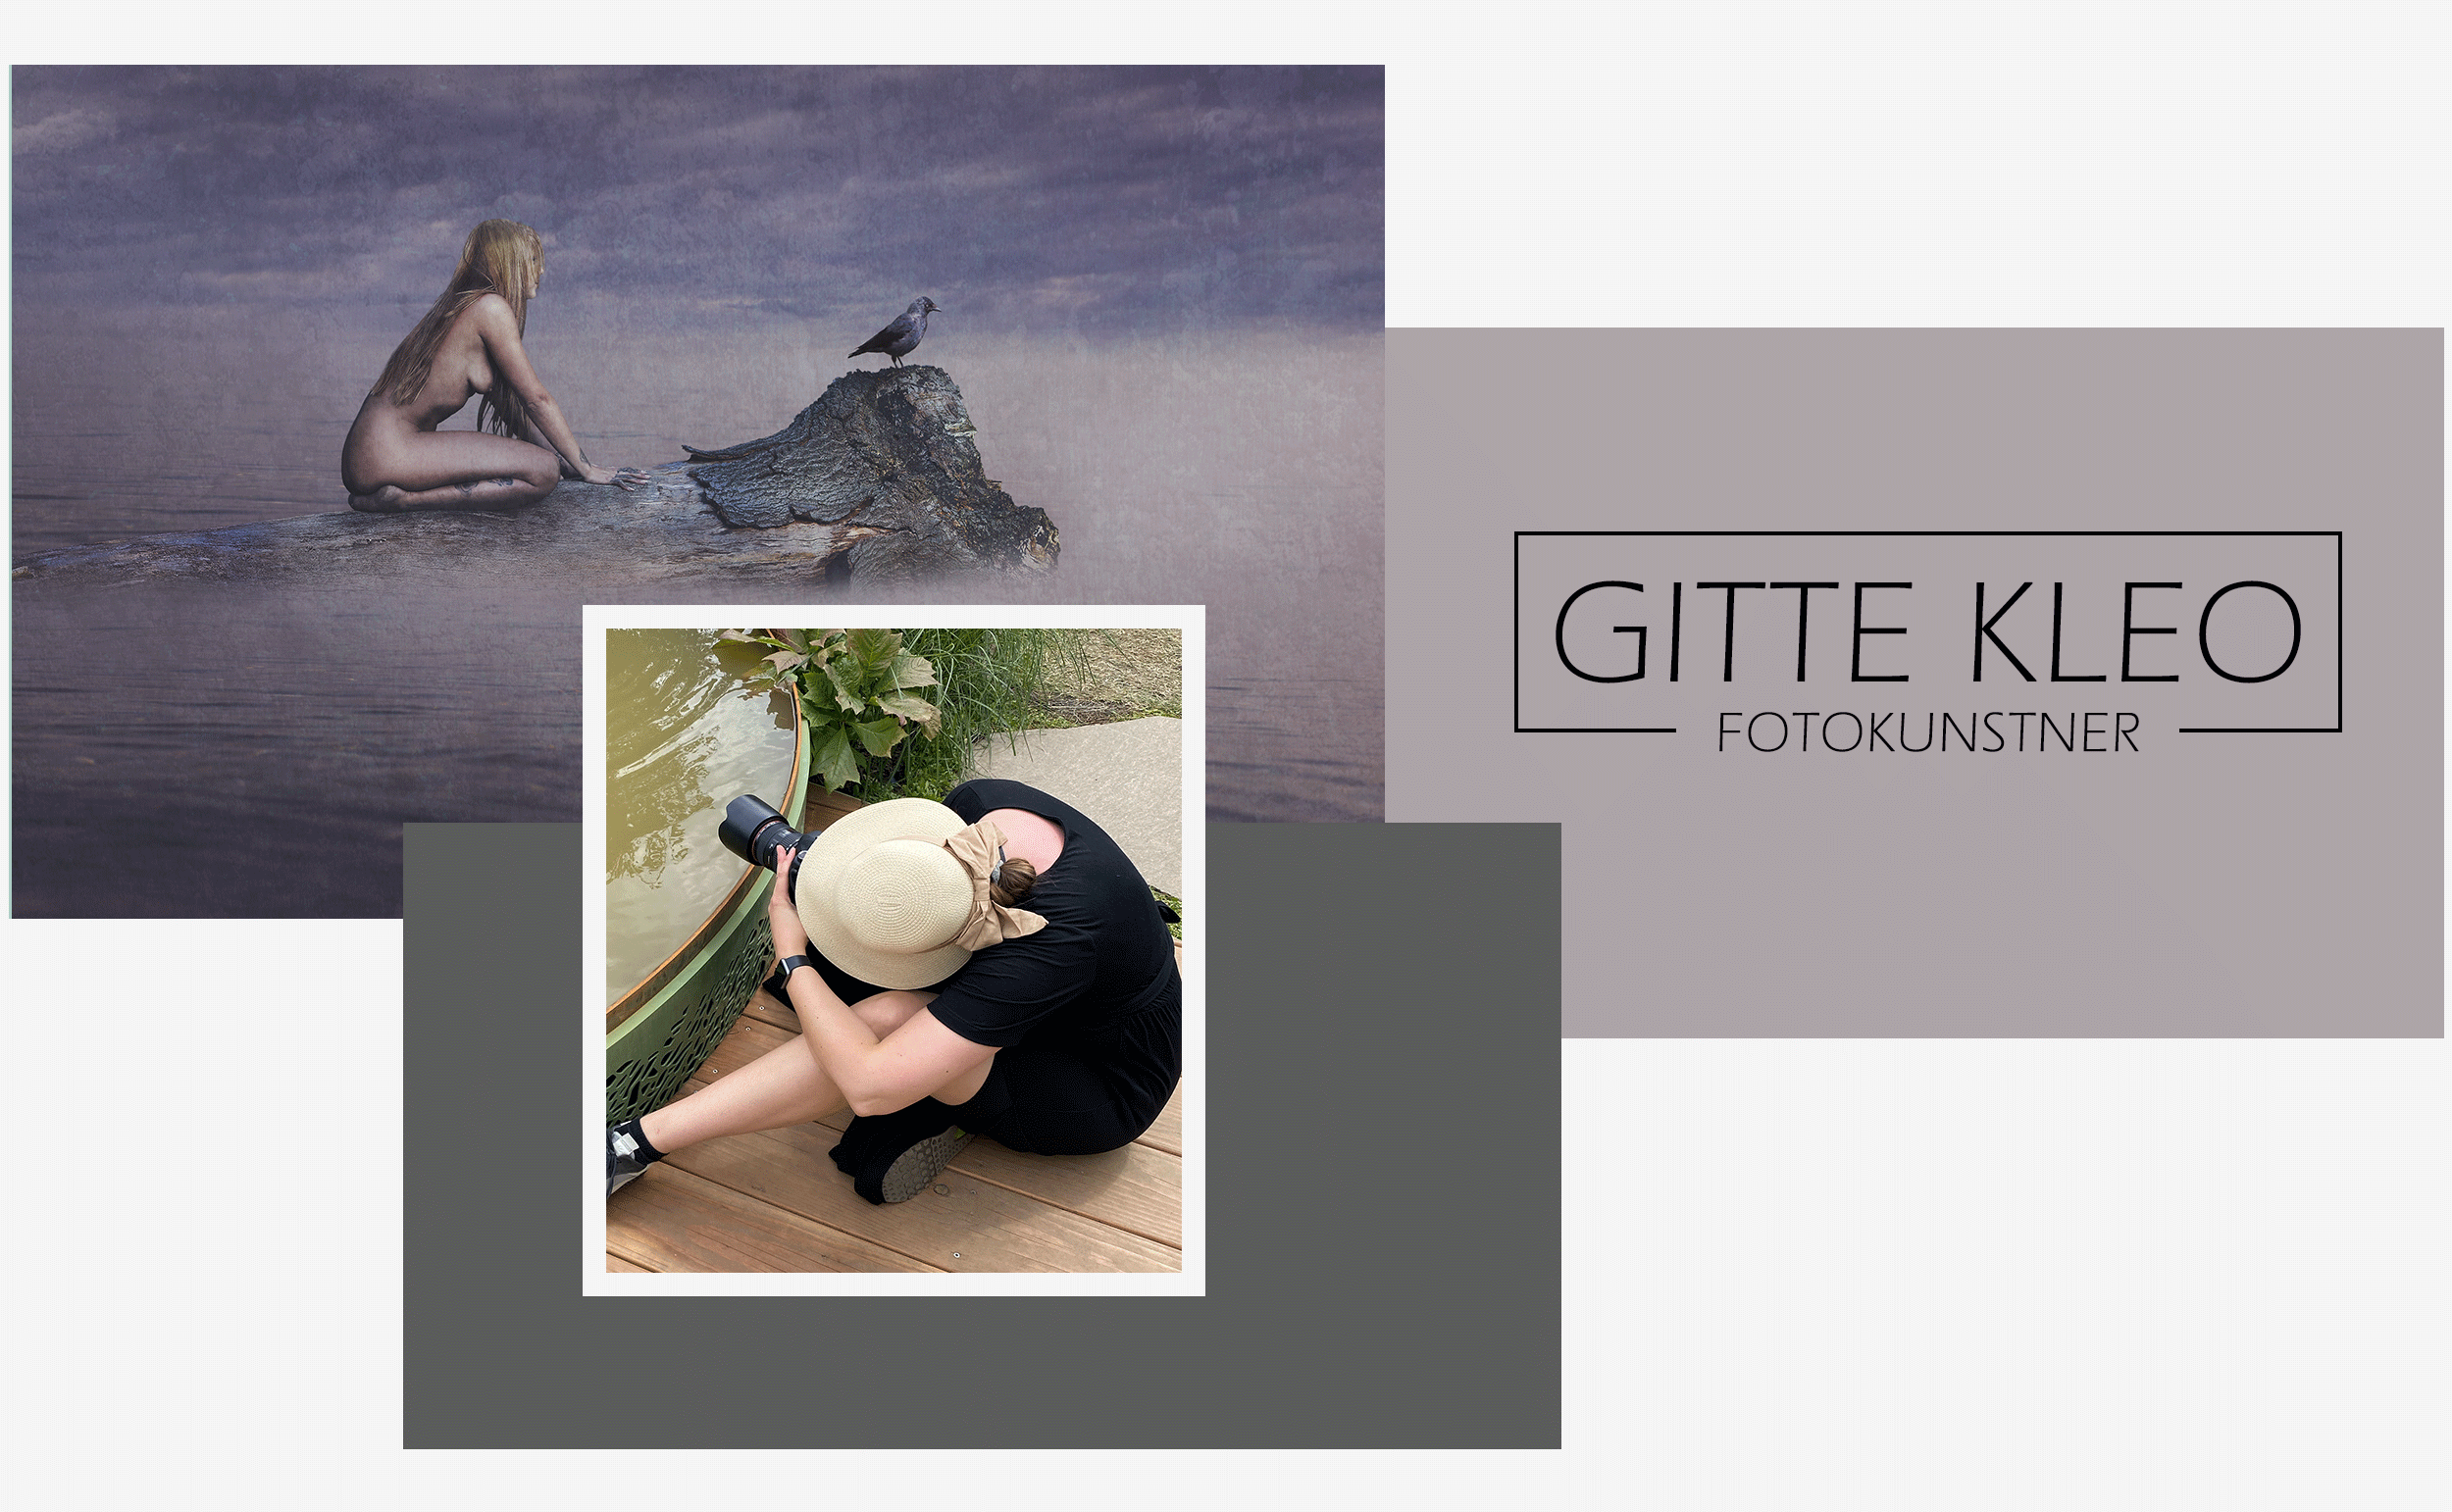 Gitte Kleo fotokunstner
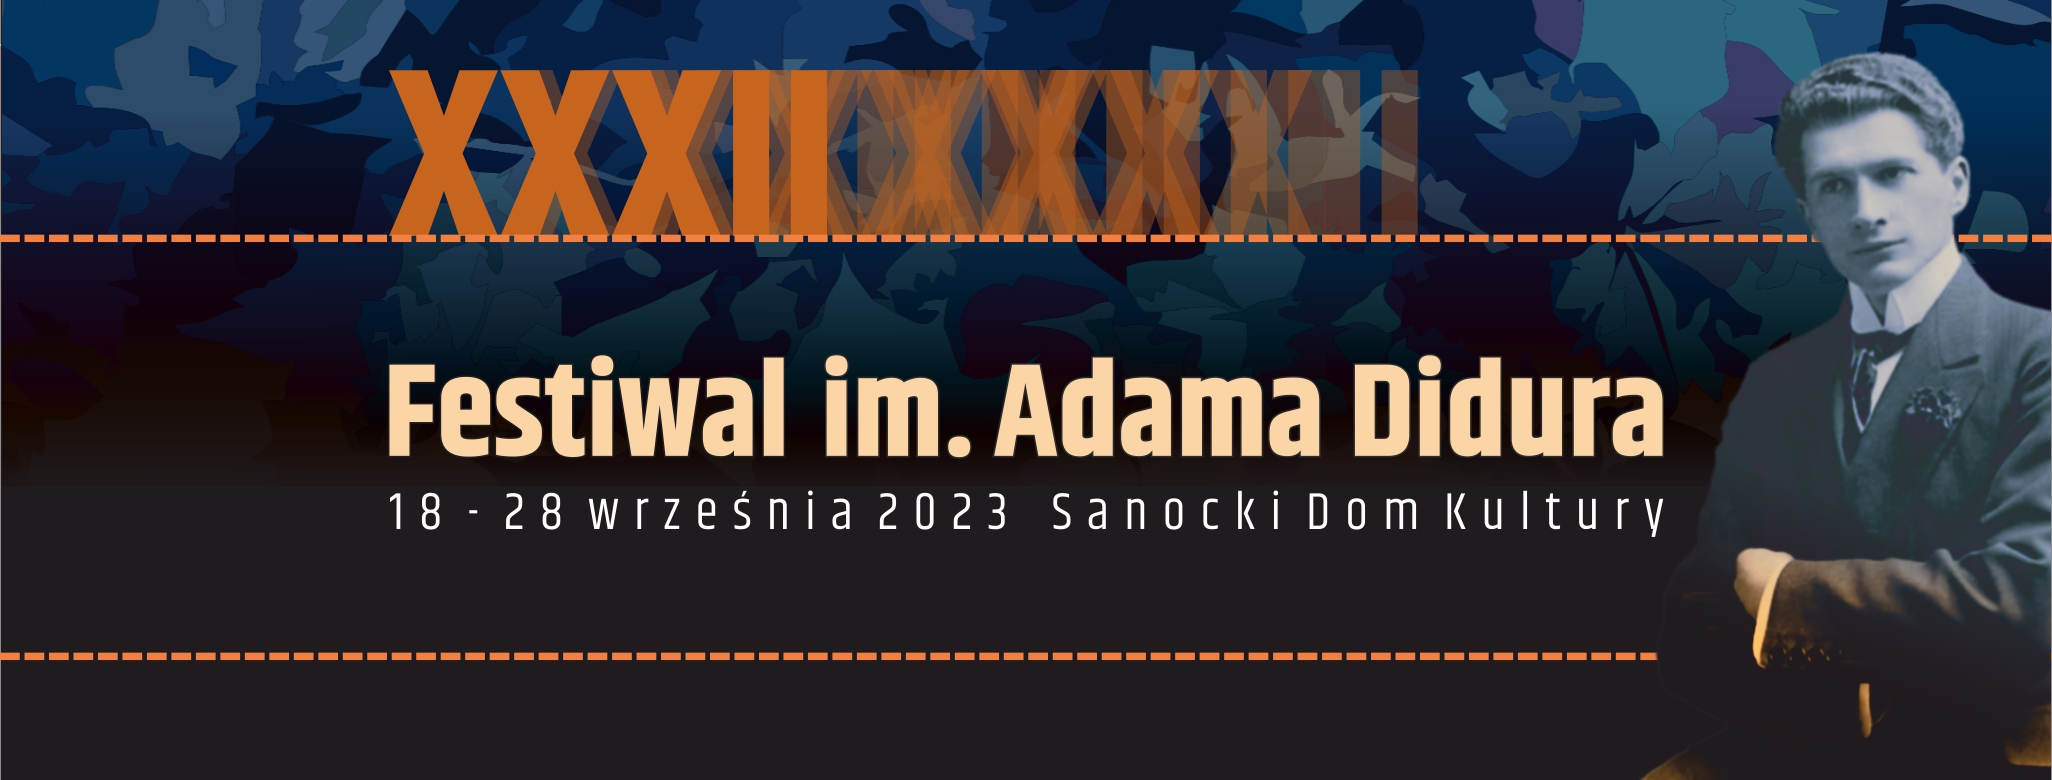 Festiwal im. Adama Didura
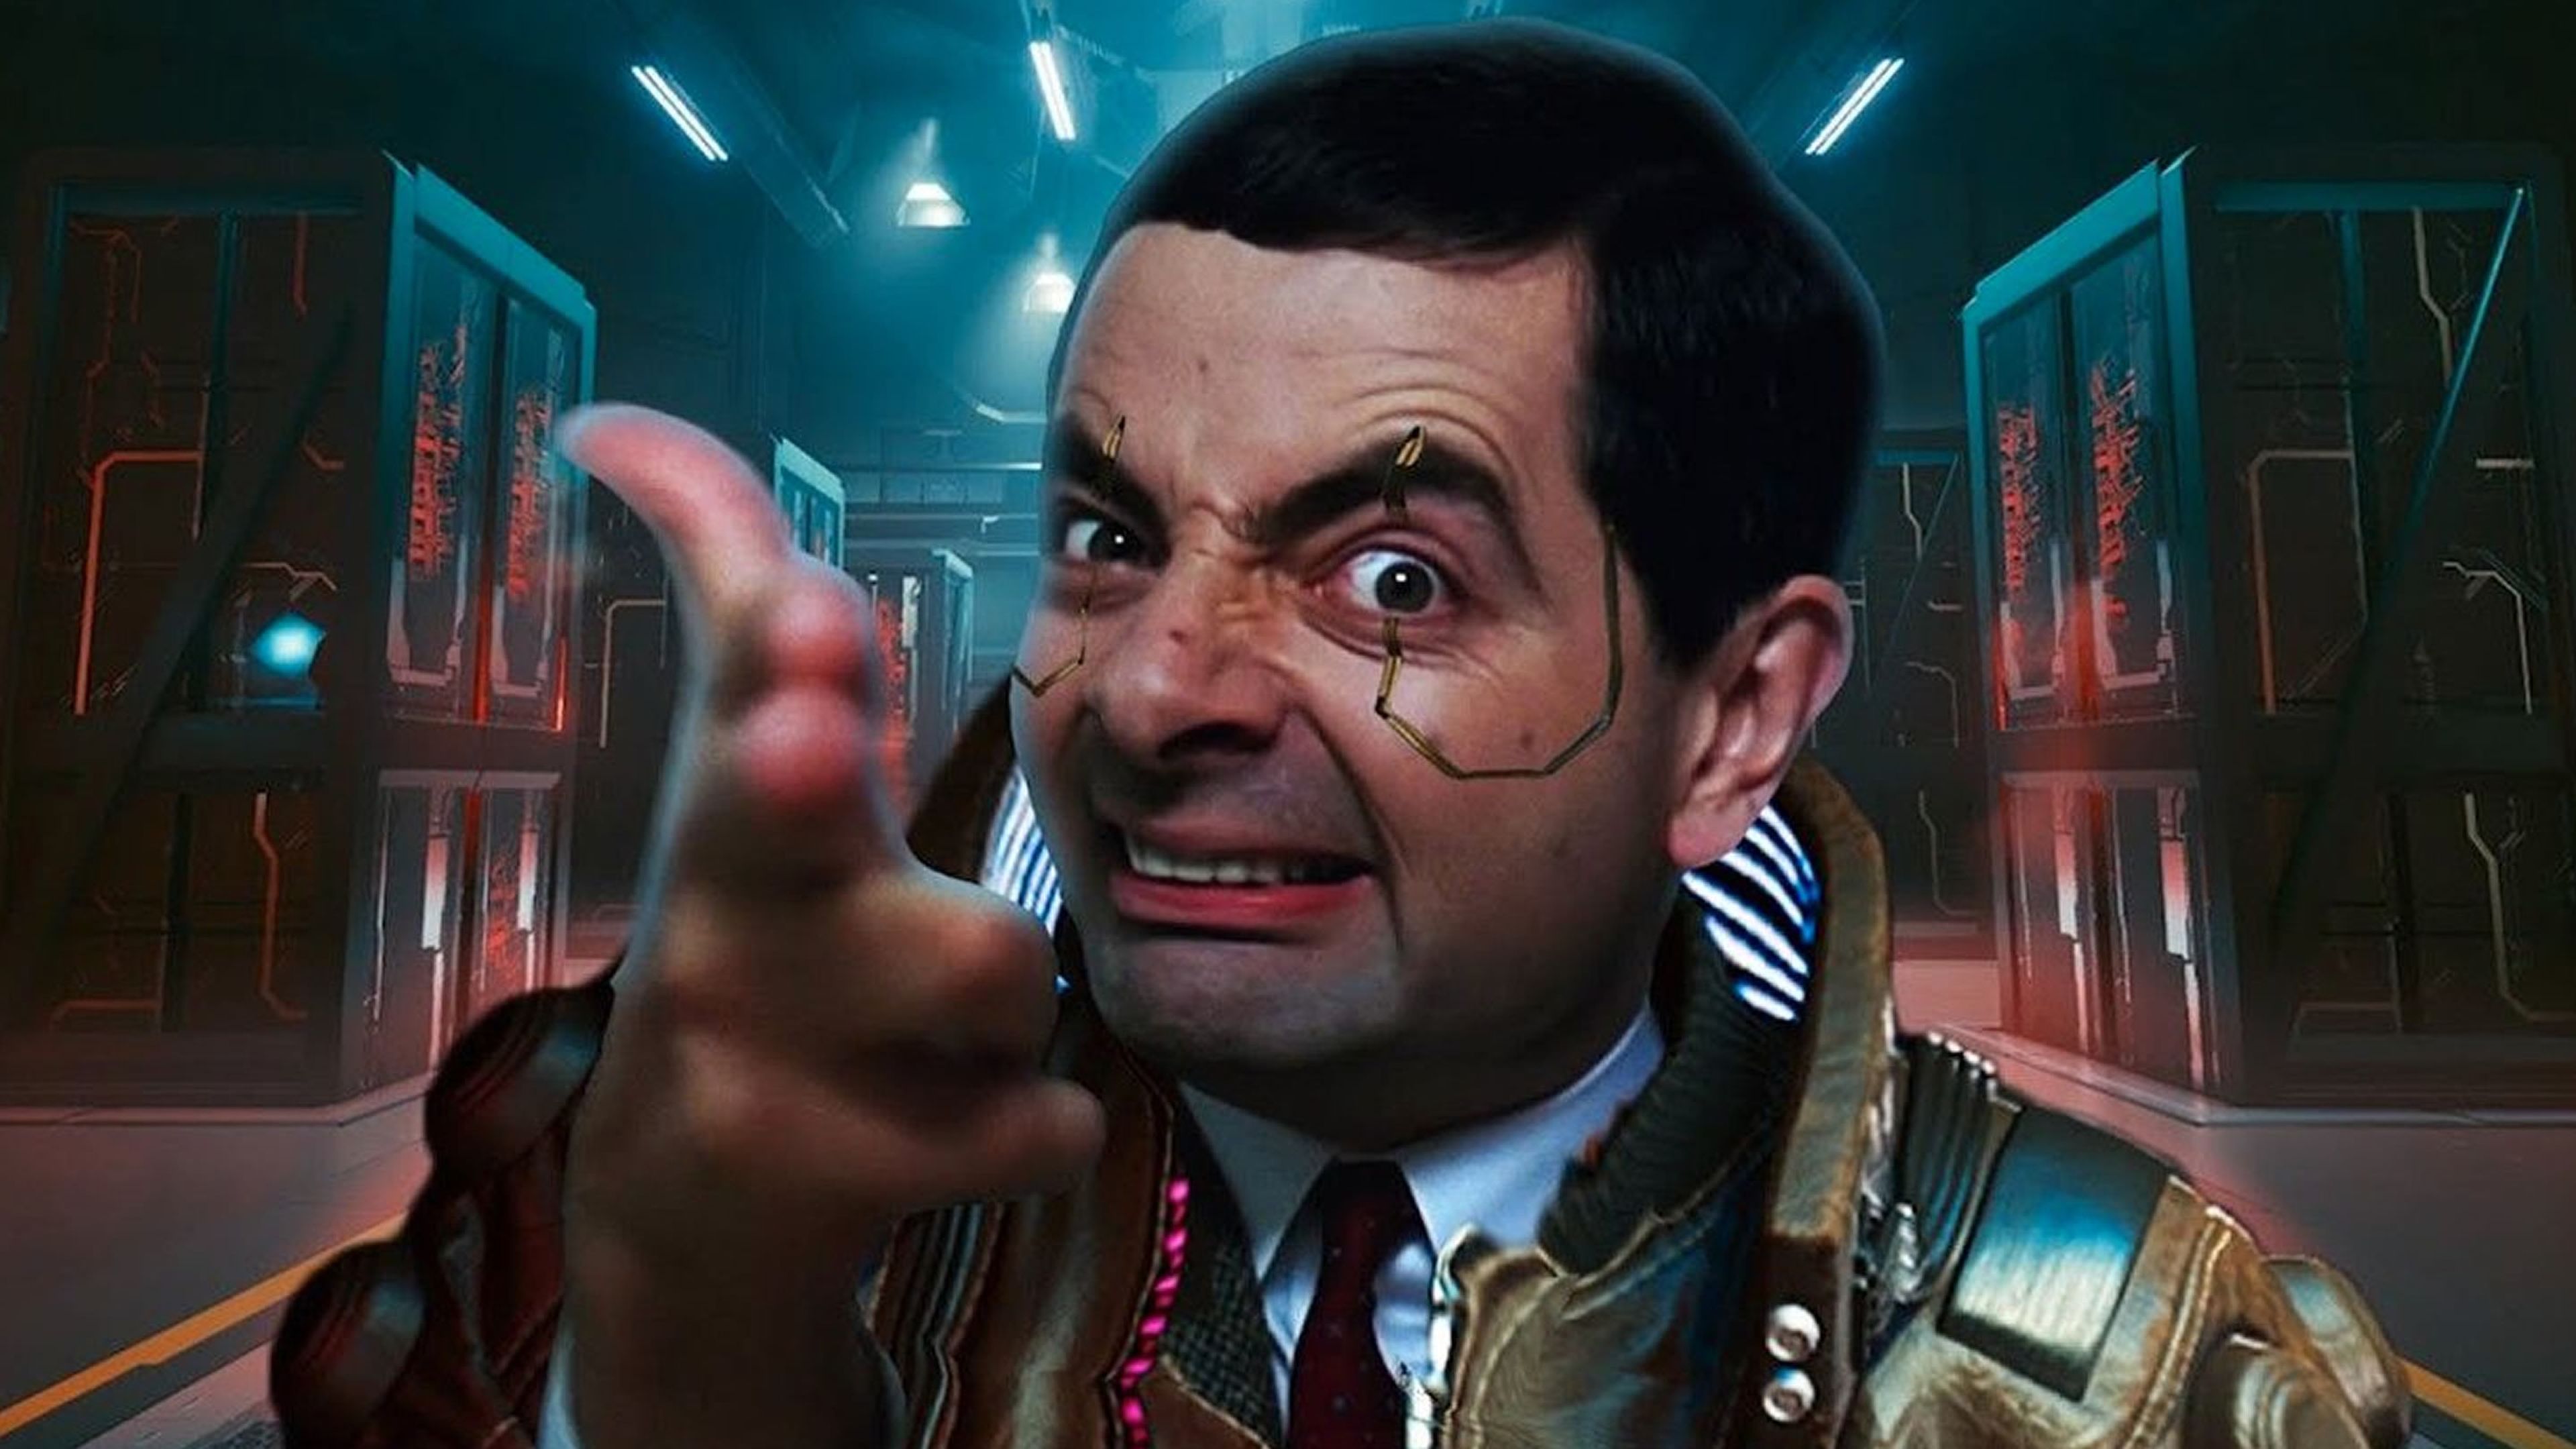 Mr. Bean - Cyberpunk 2077

====

**TASK OBJECTIVE**.
Only the pictures stay out; everything else in the listing above must be repeated exactly.

**RESULT**.
 Gitte Kleo fotokunstner
 Festiwal im. Adama Didura
 Mr. Bean - Cyberpunk 2077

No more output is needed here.